Moonlight: viaggio nell’identità sentimentale

Una delicata storia di formazione sull’essere neri nell’America di oggi, ma non solo. Il film diretto da Barry Jenkins porta a casa il premio più ambito nella notte degli Oscar 2017: la nostra recensione di Moonlight.

_di Pier Allegri 

«Ero un nanetto selvaggio. Proprio come te. Correvo scalzo per la città, con la luna piena. E una volta, correvo urlando di fronte a una vecchia come un’idiota. E questa signora mi ferma e mi dice: “Sotto la luce della luna, i ragazzi neri diventano blu. Anche tu sei blu. Ed è così che ti chiamerò: Blue»

Chiron è un bambino afroamericano che vive in quartiere di Miami minato dalla droga e dalla criminalità e segnato da povertà e violenza. In cerca di un posto nel mondo e di una identità, scoprirà nel corso della sua vita sé stesso, la sua voglia di tenerezza e la sua sessualità.
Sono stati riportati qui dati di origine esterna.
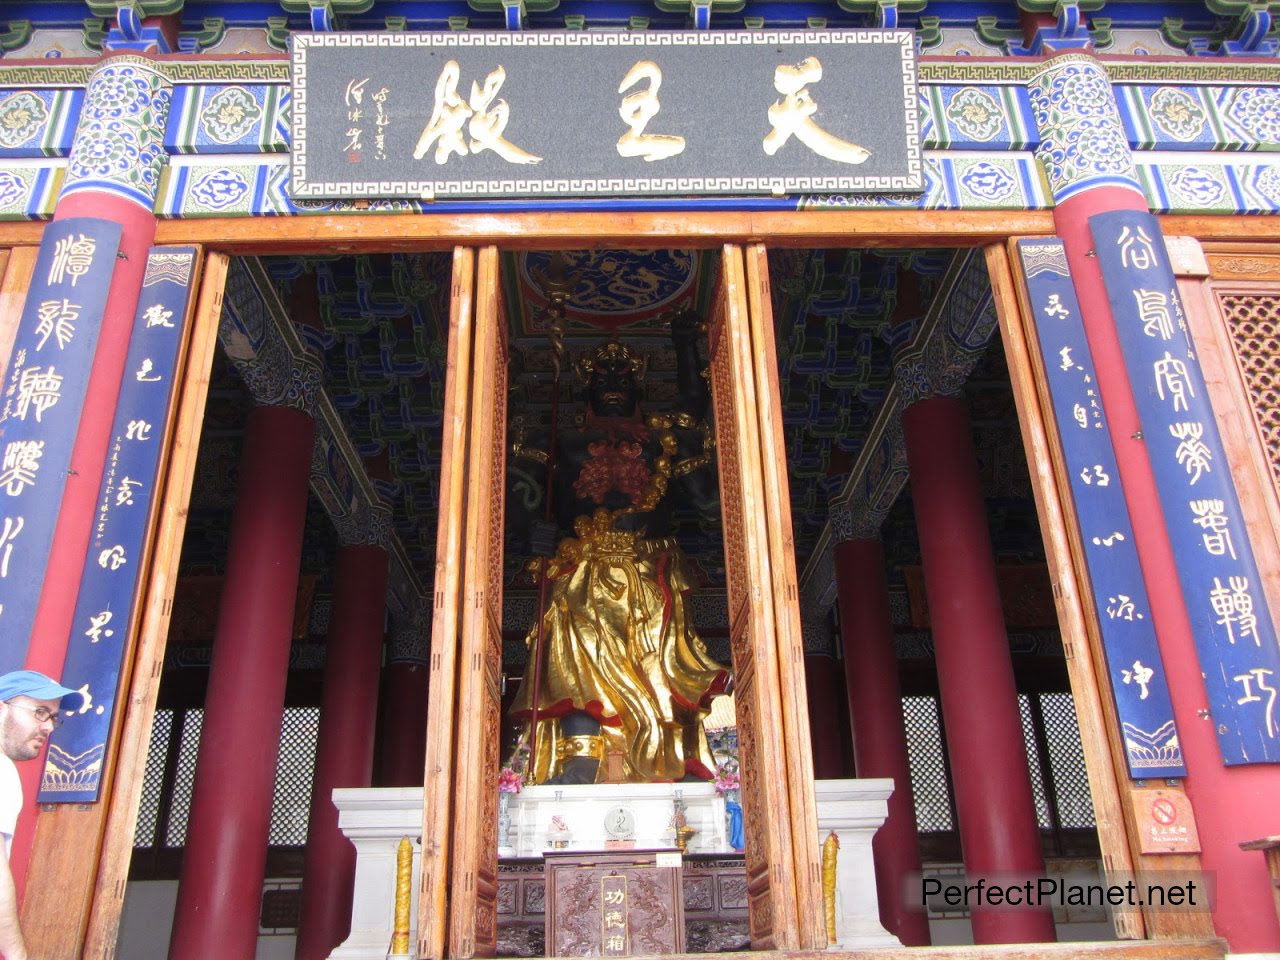 Inside of one of the temples

Tratto dalla breve pièce teatrale “In Moonlight Black Boys Look Blue” di Tarrel Alvin McCraney (premiato assieme a Barry Jankins con l’Oscar alla migliore sceneggiatura non originale), ”Moonlight” è un film in tre atti, tre come i nomi che accompagnano il protagonista Chiron (come Chirone, il centauro addestratore di eroi della mitologia greca) in altrettante fasi della sua vita: Little, Chiron e Black/Bambino, Ragazzo, Adulto.

«A un certo punto dovrai decidere da solo chi vuoi diventare. Non lasciare che qualcuno decida per te»

Il film di Jenkins è una delicata storia di formazione sull’essere neri nell’America di oggi ma non solo: questo capolavoro del cinema indie vincitore dell’Oscar al miglior film (dimentichiamo l’imbarazzo di domenica 26 febbraio..) è un romanzo in pellicola sulla educazione sentimentale di un ragazzo gay e di colore duro e tenero, leggero e grave, ma mai melenso o ricattatorio. La difficile costruzione di una identità sensibile e sessuale è impersonata dal complesso protagonista Chiron, nel film interpretato da tre attori diversi, e di cui il regista cattura la poesia umana, scansando attentamente cliché e mistificazioni di ogni sorta. La regia e la fotografia fenomenali racchiudono ed esaltano il fine della narrazione, con risultati stilisticamente impressionanti e mai estetizzanti, pur essendo a tratti non dissimile da una tecnica impressionista.

L’elemento migliore del film, le performance dei non protagonisti: Naomie Harris (la Tia Dalma di “Pirati dei Caraibi), nel ruolo della madre tossicodipendente Paula, tra tenerezza, squallore e disgusto del sè, e il Juan di Mahershala Ali (Oscar al miglior attore non protagonista), figura paterna del protagonista e motore dell’azione del film, uno spacciatore dal cuore d’oro e dalla meravigliosa sensibilità: un poeta reso criminale dalle difficoltà della vita.